Market Update- November 23

It’s a Buyer’s Market Once Again In These 8 Cities

Median Seller Incentive Hits a New High

For Buyers:

Buyers who felt they lost out on the buyer’s market last year will be getting another chance this year. The Greater Phoenix housing market, on the whole, only has a few days left before it enters a balanced market. However, as 18 cities are still in seller’s markets, there are 11 that are either already in balance or in buyer’s markets. What does a buyer’s market mean for buyers? Most buyers assume it means that sales prices will come down, but by the time sales price measures show a decline the buyer’s market could be 2 months old, or already over like it was last year. The first thing to move isn’t a sales price, but a list price combined with higher seller incentives for buyers. Over the past 2 months, as mortgage rates peaked at 8%, weekly price reductions increased in number by 33%. Meanwhile, the median seller incentive to buyers increased from $8,000 to a new high of $9,900 so far this November, the previous high was recorded last January at $9,700. Increases in the dollar amount and percentage of sales with incentives were most noticeable in the first-time homebuyer price range of $300K-$400K and also in cities with a significant number of competing new home communities. How long this trend will last is unclear as conventional mortgage rates fell sharply this month to 7.3% and FHA/VA fell to 6.7%. The higher mortgage rates are, the higher the cost to the seller to buy them down. Mortgage rates have been near impossible for experts to predict over the past 18 months, however there are strong feelings that the end is near for rate hikes by the Federal Reserve. If mortgage rates decline in response, then the current market decline will be short lived.

In short, it’s a good idea for buyers to stay engaged and vigilant in identifying opportunities in November and December. Once 2024 begins, the peak homebuying season is back in swing with more buyer competition.

For Sellers:

This is not a good time to test a price higher than market value for your home. As the seller’s market weakens on a daily basis, it’s the outskirts of town that are affected first as the interior cities follow quickly. As of November 9th, the following cities are in buyer’s markets: Surprise, Litchfield Park, Goodyear, Buckeye, Maricopa, Casa Grande, Gold Canyon, and Queen Creek. Balanced markets are Cave Creek, Peoria, and Sun City. All others are still seller’s markets, but weakening fast. Seasonally, the best time to list your home is not in the 4th quarter. However, sellers always want to be selling in a seller’s market. While it’s not a bad idea to wait until the 1st quarter typically, under these circumstances the benefit could be offset by a weaker buyer’s market. That means more competition from new listings, more days on market, and more price reductions. The determining factor that could change the course of the current market trend is mortgage rates, which have been unpredictable and volatile this year.

For those who are in need of selling, you may get your asking price, but at a higher expense as long as rates are elevated.
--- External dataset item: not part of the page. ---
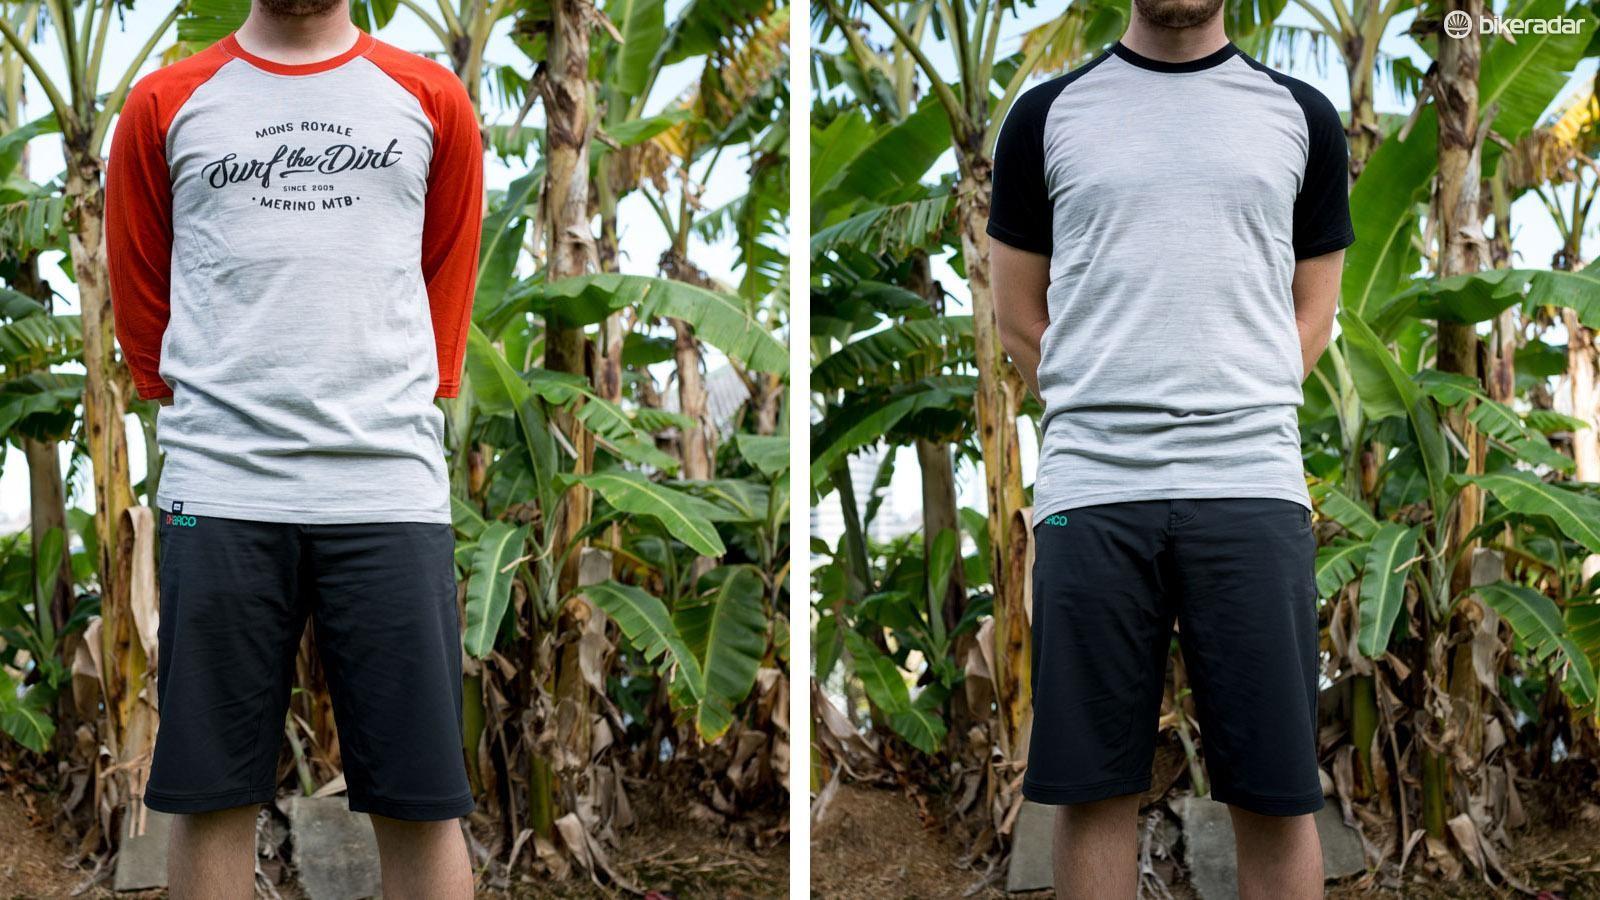 We've got New Zealand based Mons Royale's latest MTB jerseys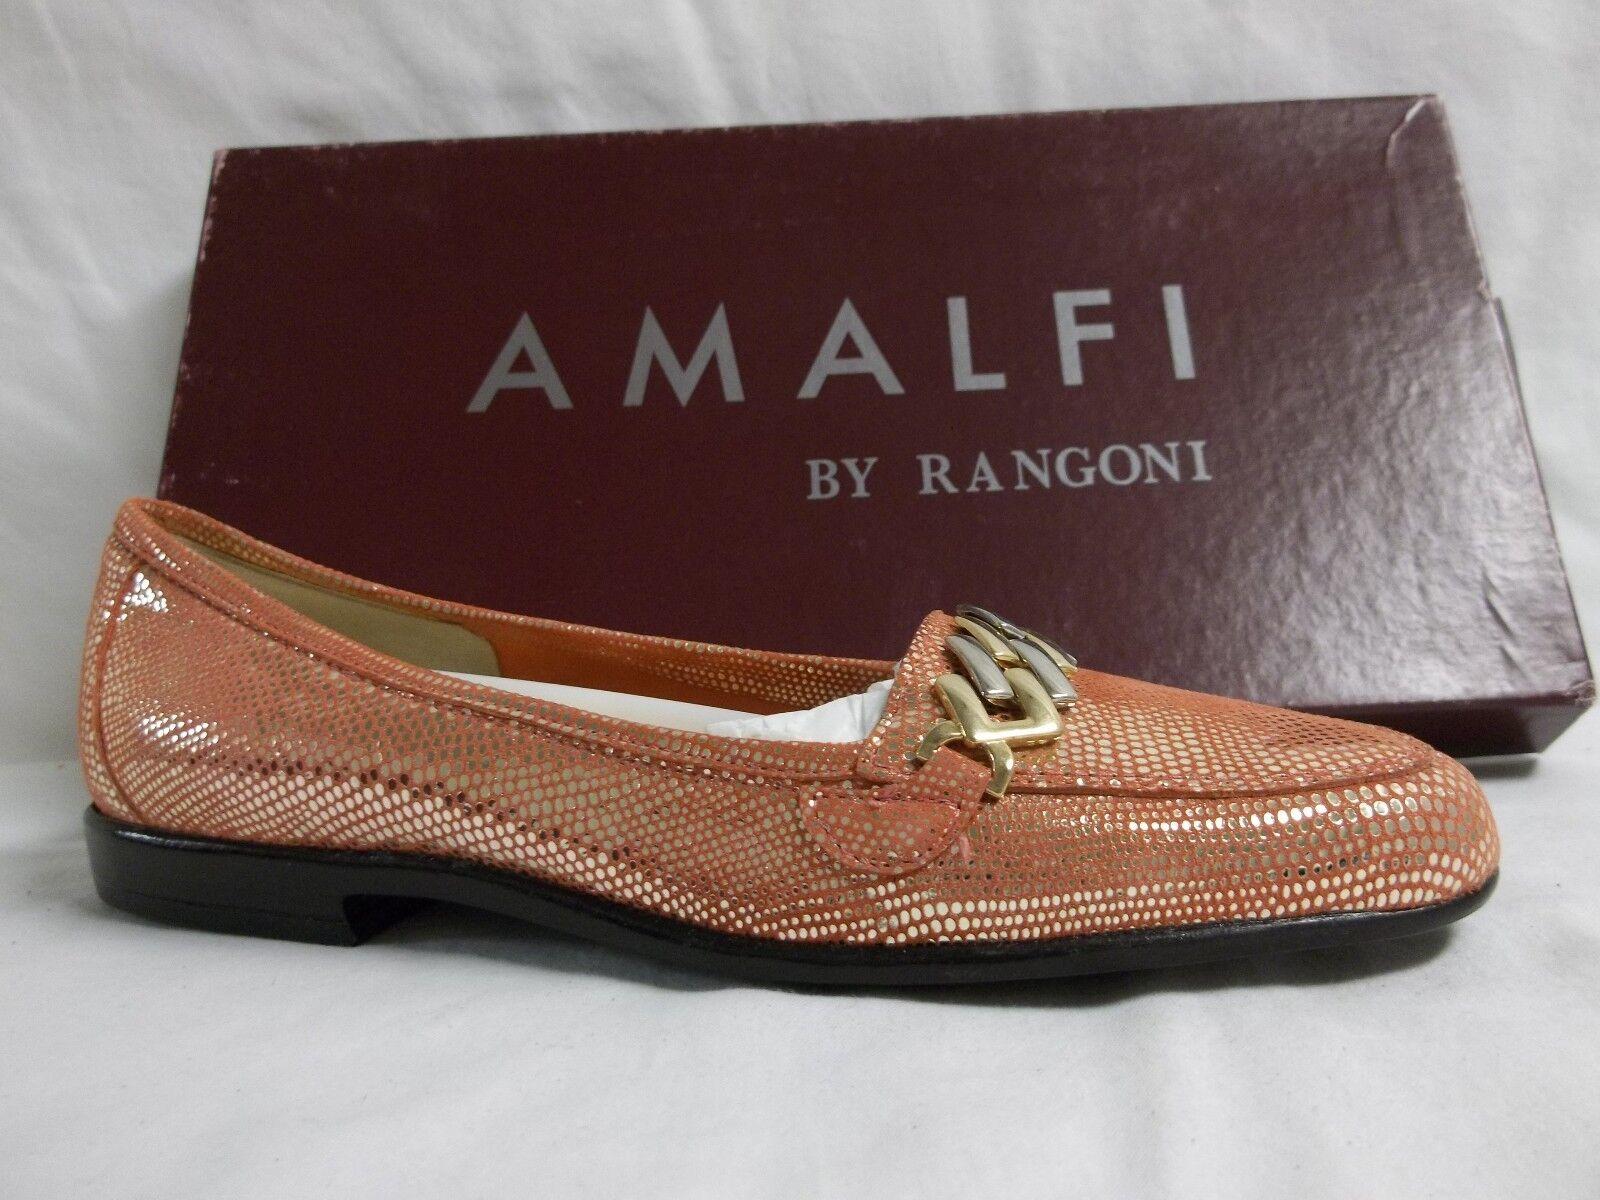 Amalfi By Rangoni Talla 5 S N N N estrecho oste Tulipán Pisos Nuevos Mujer Zapatos De Gamuza  mejor opcion

As a result, sales price measures will not show a decline, but the sellers’ net proceeds will be squeezed. It may not be the market we love, but it’s the market we’re with.

Commentary written by Tina Tamboer, Senior Housing Analyst with The Cromford Report

©2023 Cromford Associates LLC and Tamboer Consulting LLC


Misha’s commentary:

The market right now feels a lot like the market at this same time last year. Prices were being reduced more frequently, the buyer pool was shrinking, rates were increasing and everyone was sitting on the sidelines. If I recall correctly, September 2022 was the low point in terms of contract success and price reductions. Since then, we have been slowly improving in both categories, until the last two months, when rates kept creeping up and buyer’s started to bow out, one by one.

Well, if the past is any indication of what we may see in the New Year, get ready to see things level out again and go back into sellers market territory. Buyers markets have been short lived, this one may be just a bit longer than the last, but I would count on it sticking around.

For buyers out there, if my clients are anything like you- we are taking a little pause from the market, unless of course the dream home comes available. With rates hitting 8%, everyone had just about all they could take. Now most buyer’s are benched while they enjoy the holidays and see what 2024 has in store. If you have a lease ending, or need to make a move for location, size, etc- I would do it now, while you have a bit of a rate drop and more seller concessions than ever. If you want to move but don’t NEED to move, then maybe wait it out just a bit longer until rates ease just a bit more- just know that when they do, there will be more demand from buyers that want to jump back in.

For sellers out there, I will just say this, price to sell! If you are in a position where you might be in the red if you sell, explore your options- what I mean by that is discuss what a loss looks like with your accountant, take a look at renting your home both short and long term, make sure you look at every option. With the listing rate success percentage becoming lower, that means you may not sell! Even if you are priced fairly and look great, it’s wild but true. Make sure you have options at the ready and you will feel more at ease with the change to buyers market we are all experiencing.